■ **ASSIGNMENT**
No pictures, nothing altered: return the data below.

■ **DATA SEGMENT**
↓↓↓

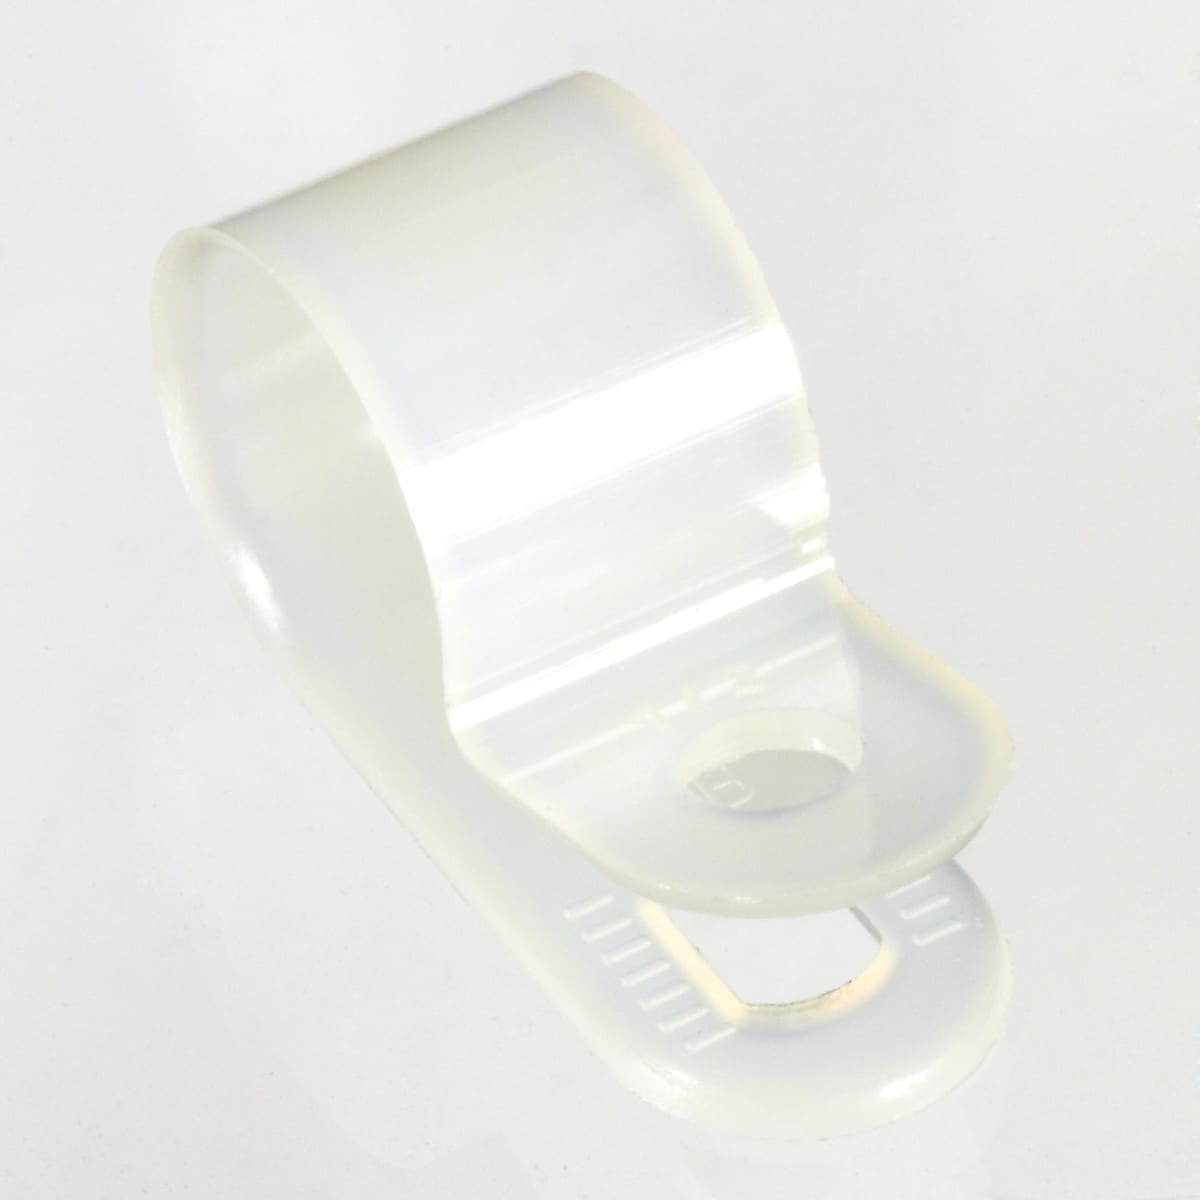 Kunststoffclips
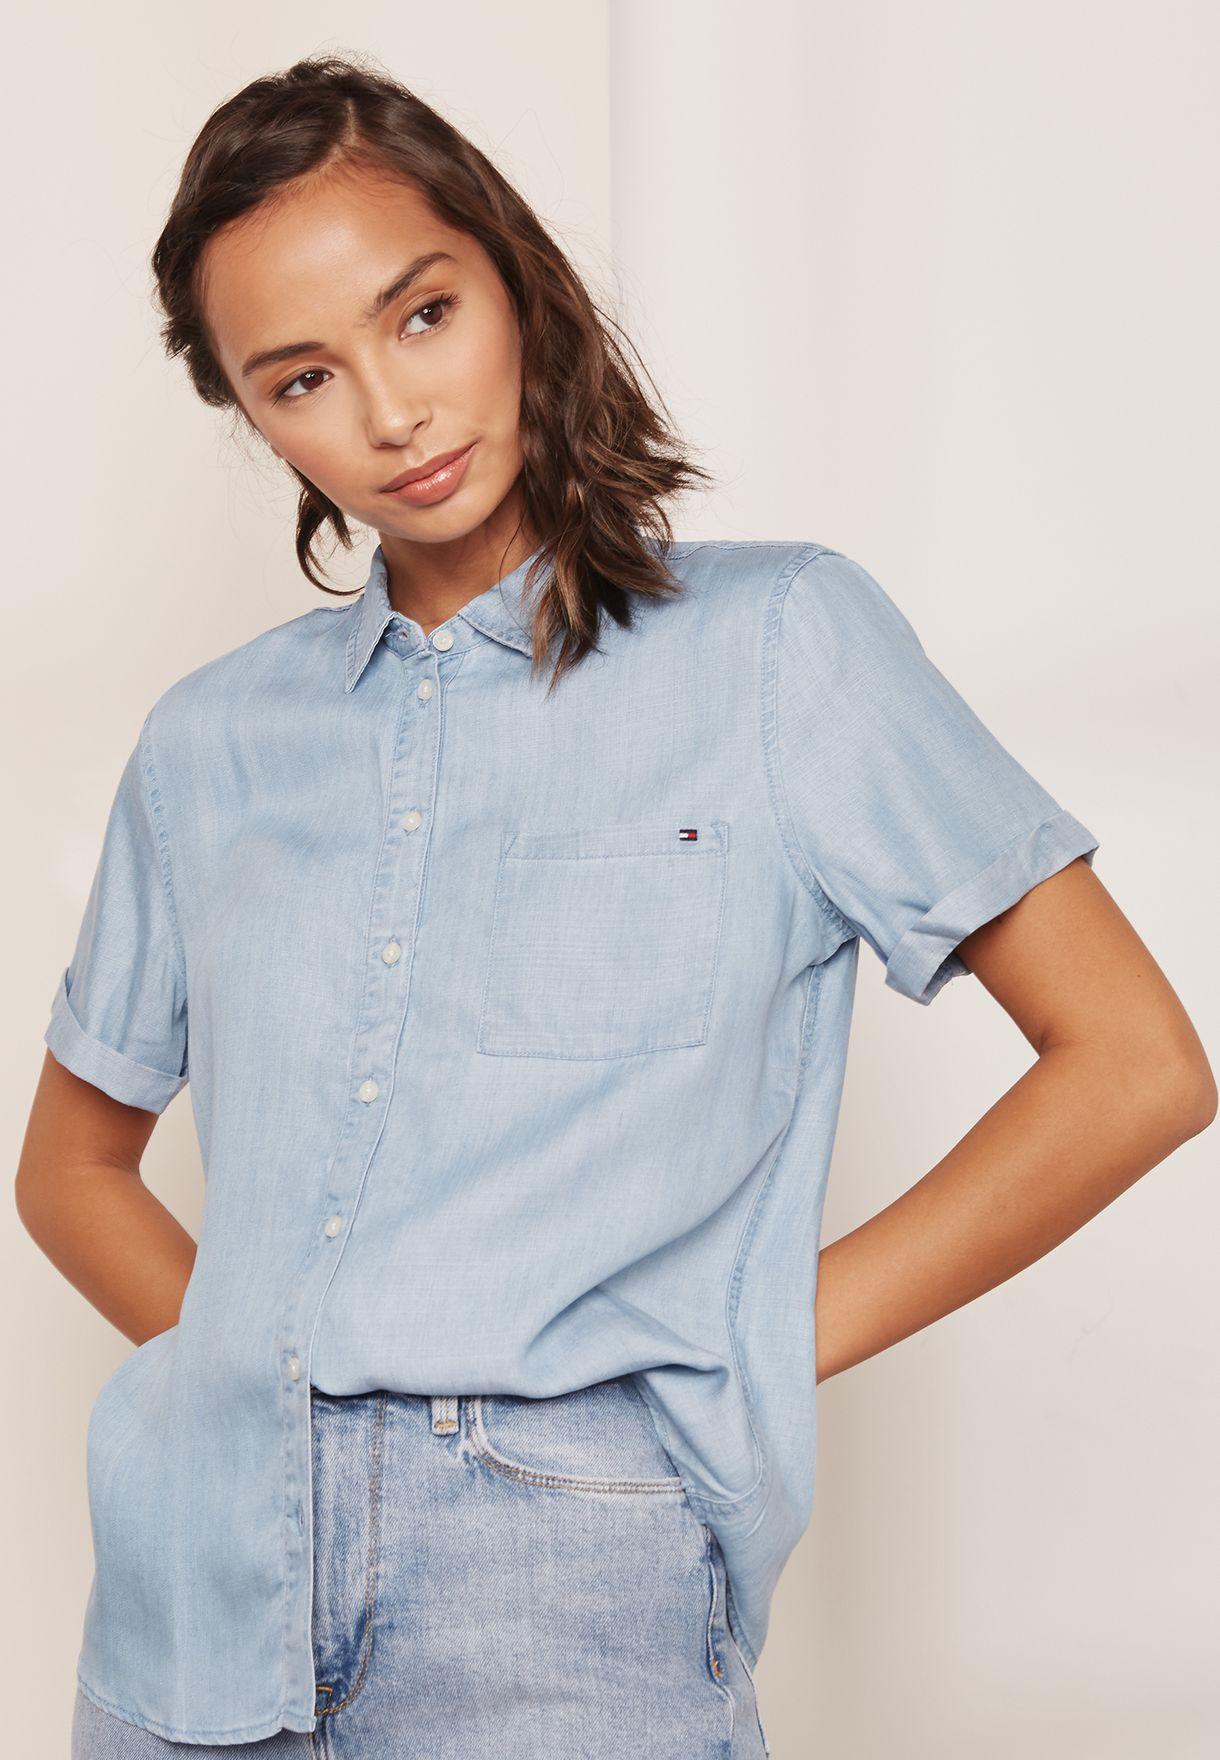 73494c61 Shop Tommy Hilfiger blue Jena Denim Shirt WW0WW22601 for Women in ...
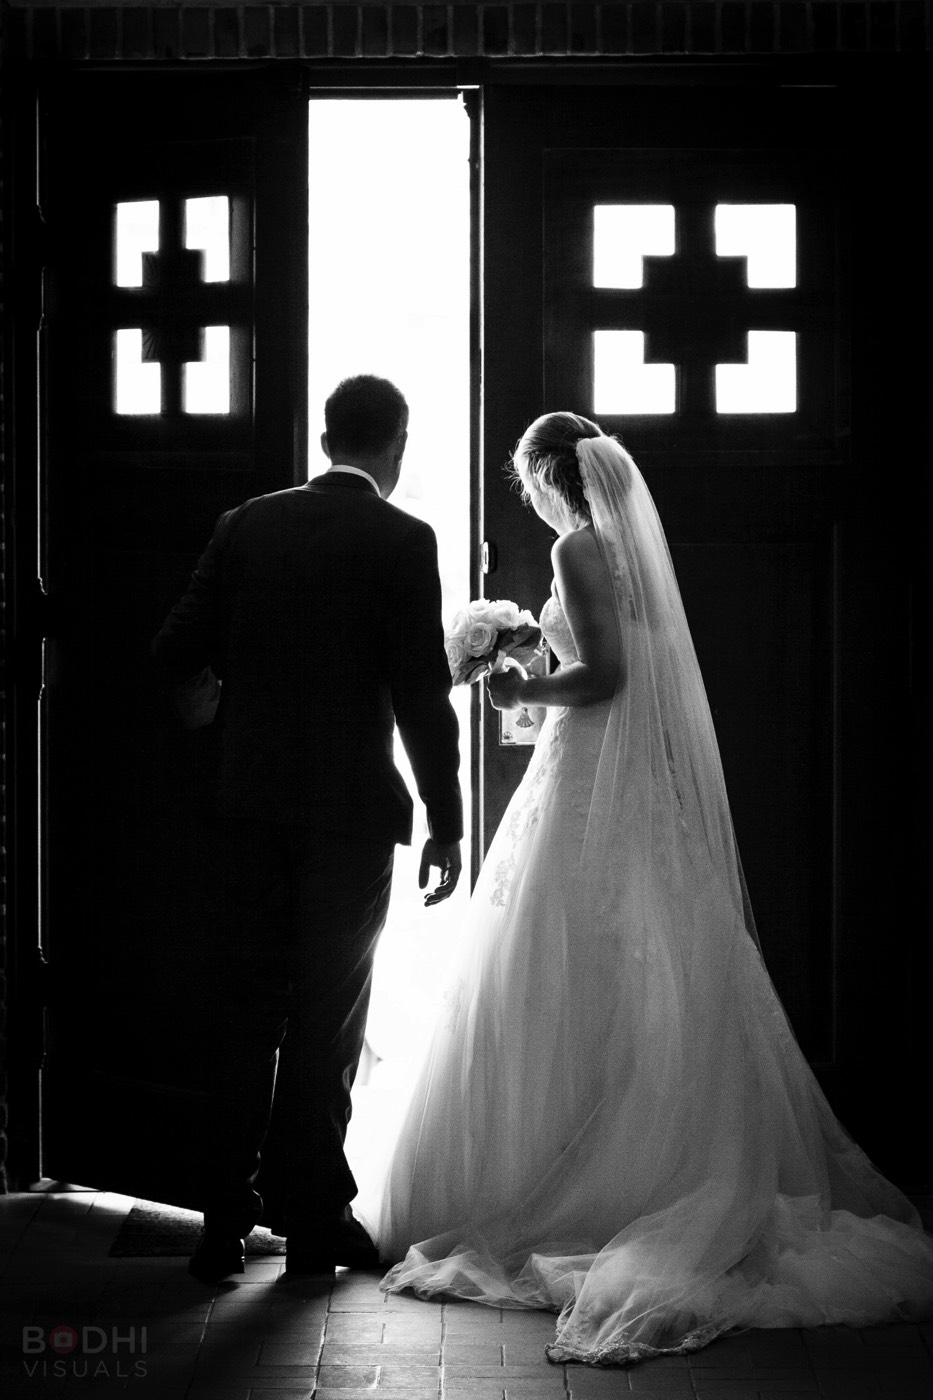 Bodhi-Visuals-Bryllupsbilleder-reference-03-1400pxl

↑↑↑

■ **RESULT OF THIS TASK**
 Kunststoffclips
 73494c61 Shop Tommy Hilfiger blue Jena Denim Shirt WW0WW22601 for Women in ...
 Bodhi-Visuals-Bryllupsbilleder-reference-03-1400pxl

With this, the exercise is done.